No two AI applications are the same
The importance of each of the three traits described above varies by use case, because every AI application will be slightly different and require its own level of rigor. The concept of rigor refers to whether the results of the AI’s decisions could harm humans, the company, or others. In some cases—such as an e-commerce recommendation engine that suggests products that shoppers might be interested in based on their browsing and purchase history—not knowing exactly what is behind an AI decision is not necessarily a problem. But in more critical use cases—self-driving cars or a situation in which AI-powered robots are working alongside humans in a factory—the risk level increases. If the AI makes an incorrect choice in these cases, the result could be human injury or even death.
When determining the rigor required in a given use case, you should look at two factors: criticality, which is the extent to which human safety is at risk, and vulnerability, which refers to the likelihood that human operators working with the AI will distrust its decisions and override it, defeating the purpose of having the AI in the first place. To assess criticality, ask questions such as the following: Will users’ safety be at risk? Is safety significant? Are there other risks to end users? Is there financial risk? Is the financial risk significant?
The more yes answers you have, the higher the rigor required. The level of criticality of a use case is also related to its level of vulnerability. To assess vulnerability, ask questions such as the following: Are current users considered experts? Will users feel the automated process is highly critical? Does the conventional technique require significant training? Will the automated process result in job displacement?
As with criticality, the more yes answers to the vulnerability assessment questions, the greater the vulnerability of a use case.
Take, for example, the home loan application scenario. If the AI makes mistakes—either by approving too many applicants who can’t make their mortgage payments or by rejecting applications from qualified candidates due to biased data—there are real consequences for the bank in the form of financial losses or damage to the bank’s reputation. However, no one is physically injured or killed in this case.
The more complex the use case and the greater the level of rigor required, the greater the need for high levels of explainability, transparency, and provability.
Who does what—and why does each role matter?
As with any high-functioning team, everyone should have a clear understanding of their role in developing machine learning models to train AI systems. In the context of PwC’s AI framework, executives are responsible for defining the scope and specifications of a given use case and making sure AI is the appropriate solution. How can AI solve the problem better than anything else? Does the potential profit or cost savings justify the cost of the AI solution?

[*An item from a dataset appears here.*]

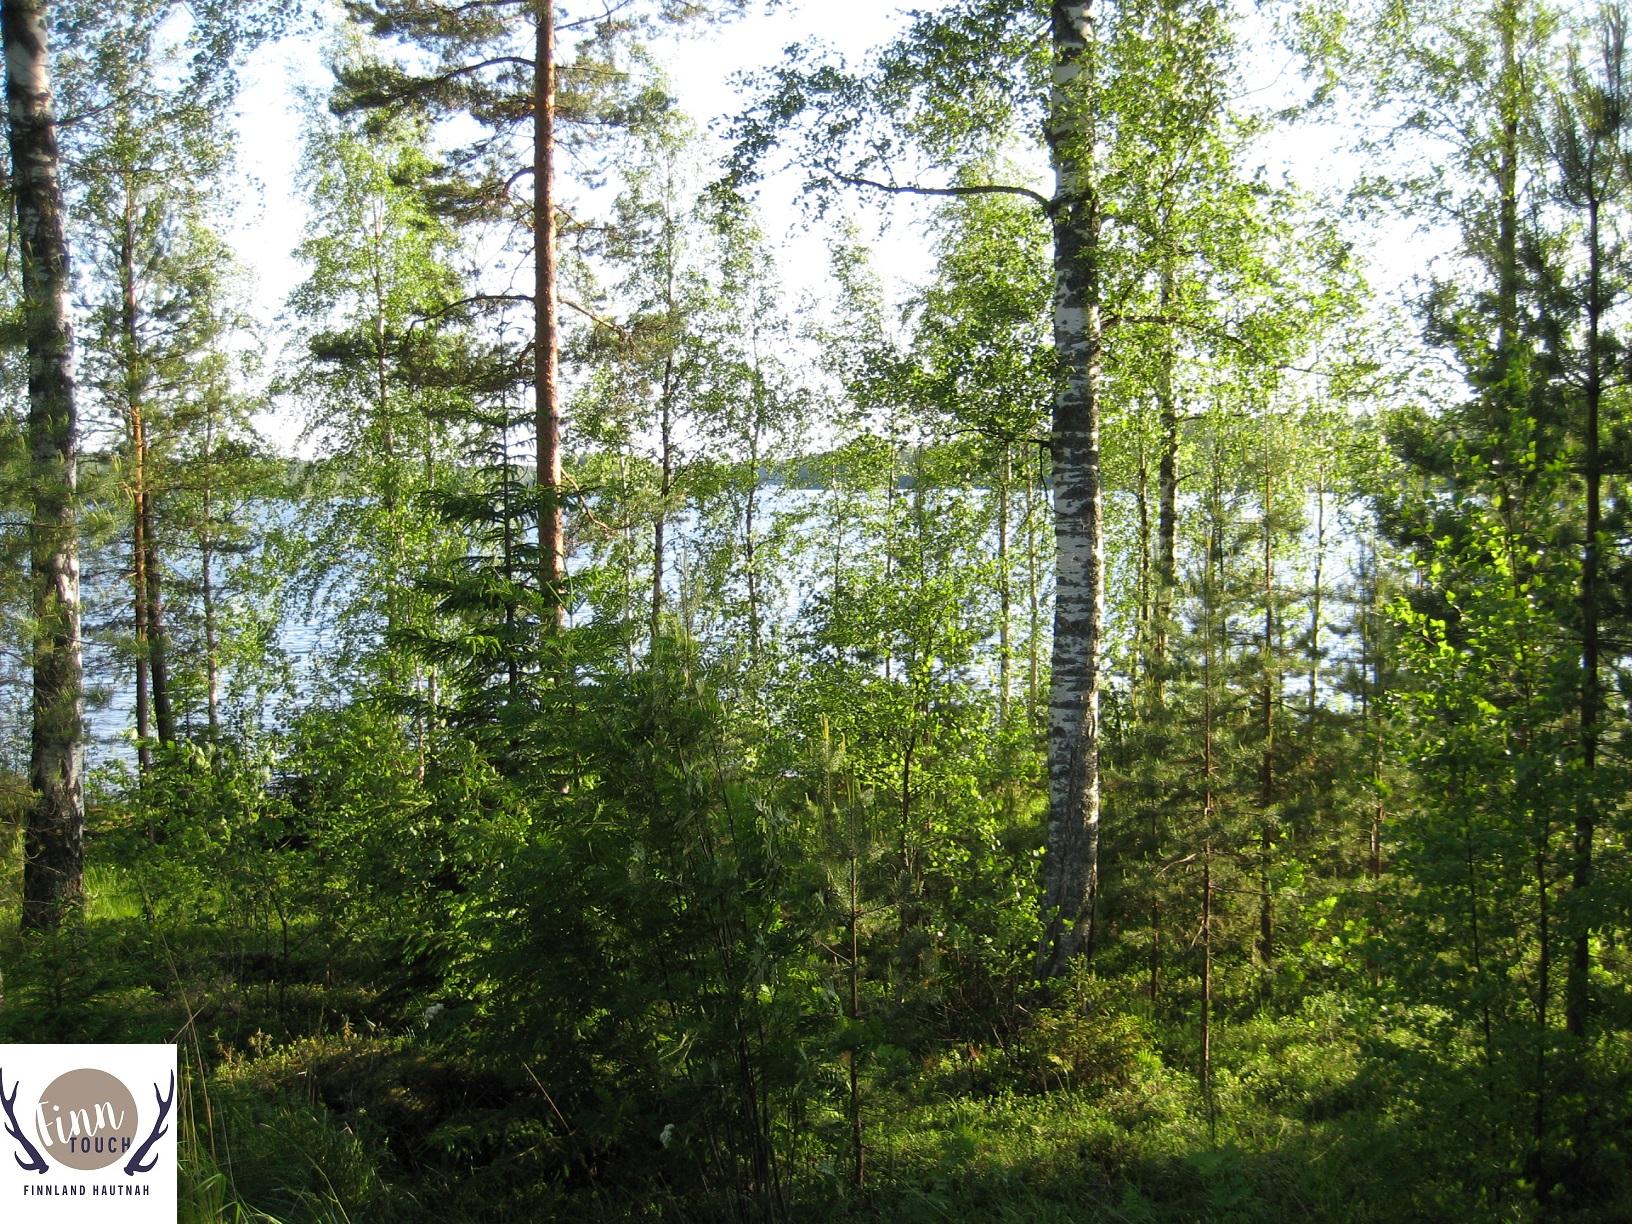 Bei solchen Aussichten von der Veranda des Sommerhauses ist es doch verständlich, dass die meisten Finnen in sich ruhen, oder etwa nicht?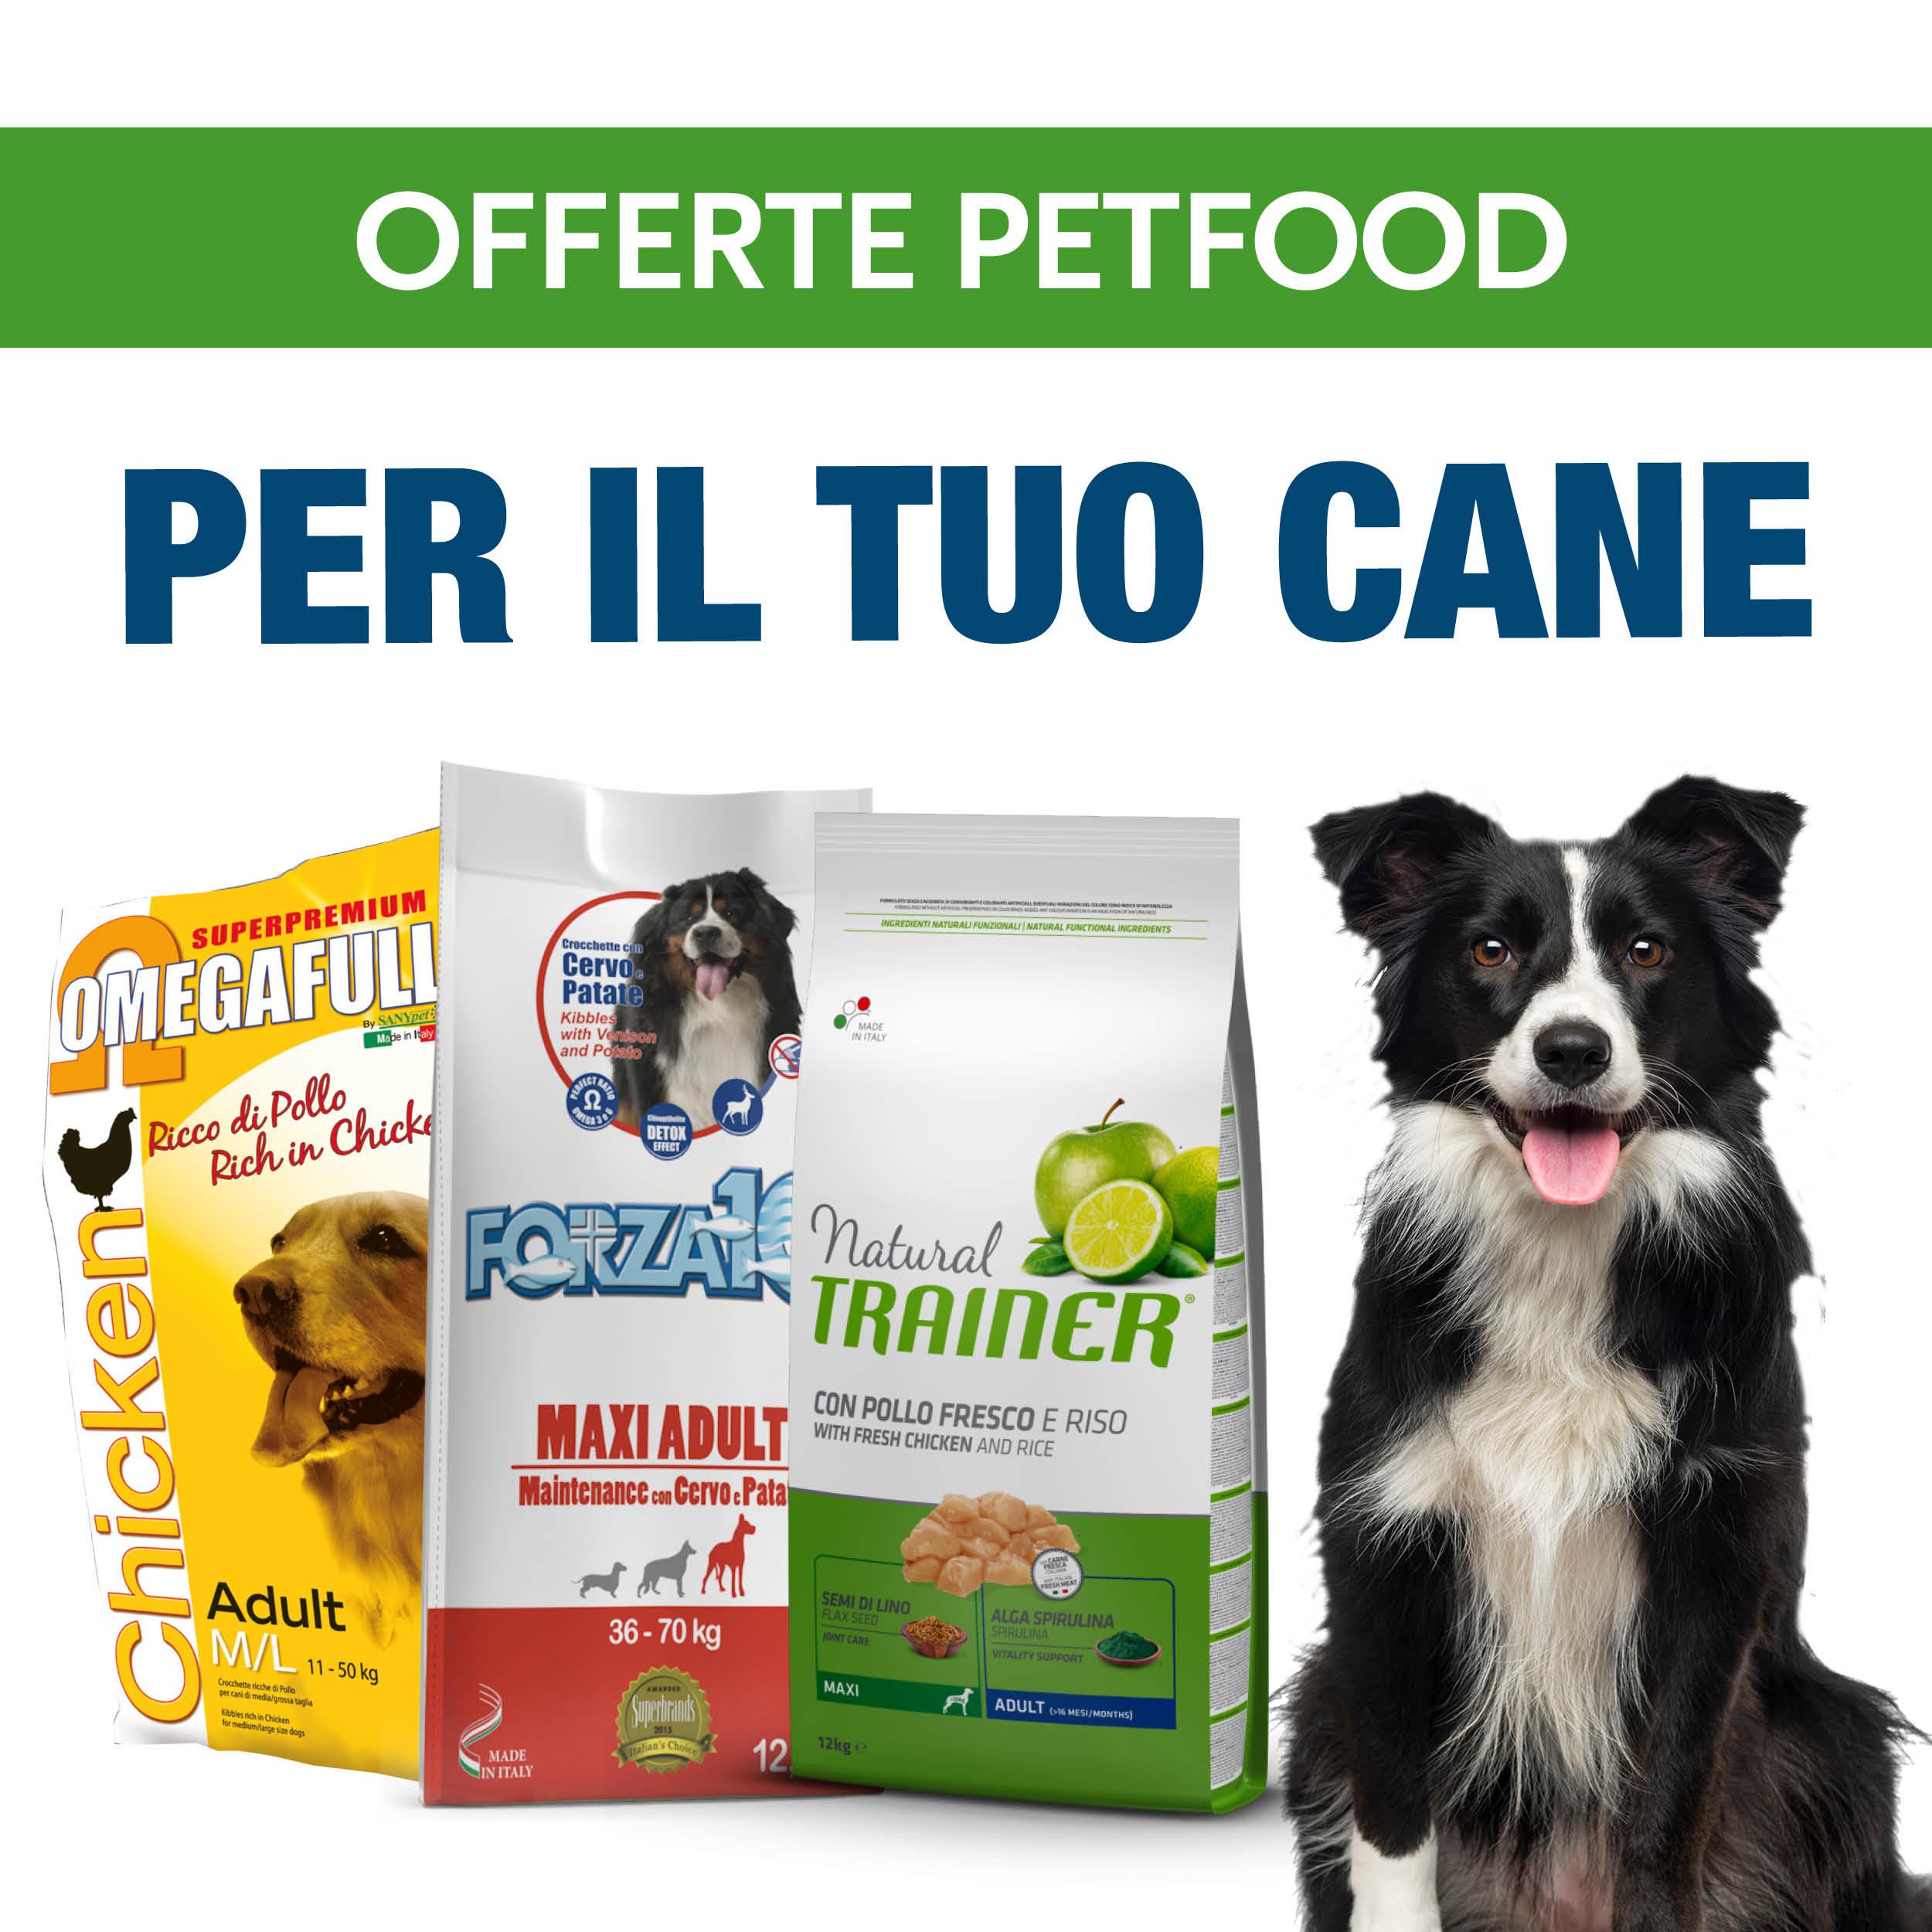 offerte petfood cane

You also want to be aware of the other key roles: Developers build the machine learning model, select the algorithms used for the AI application, and verify that the AI was built correctly. Analysts validate that the AI model the developers created will meet the business need at hand. End users will use the AI and therefore must trust the model because they are the arbiters of its success.
When all team members are doing their jobs, you can achieve the necessary level of explainability for a given AI application. The AI will function properly and can be trained through an iterative process in which analysts provide feedback and developers fine-tune the models to help the machines get smarter.
Help users build trust in AI
AI is still a new enough technology that people do not implicitly trust it to work flawlessly. At least not yet. Companies can help users and consumers trust AI systems by ensuring their machine learning models are explainable, transparent, and provable.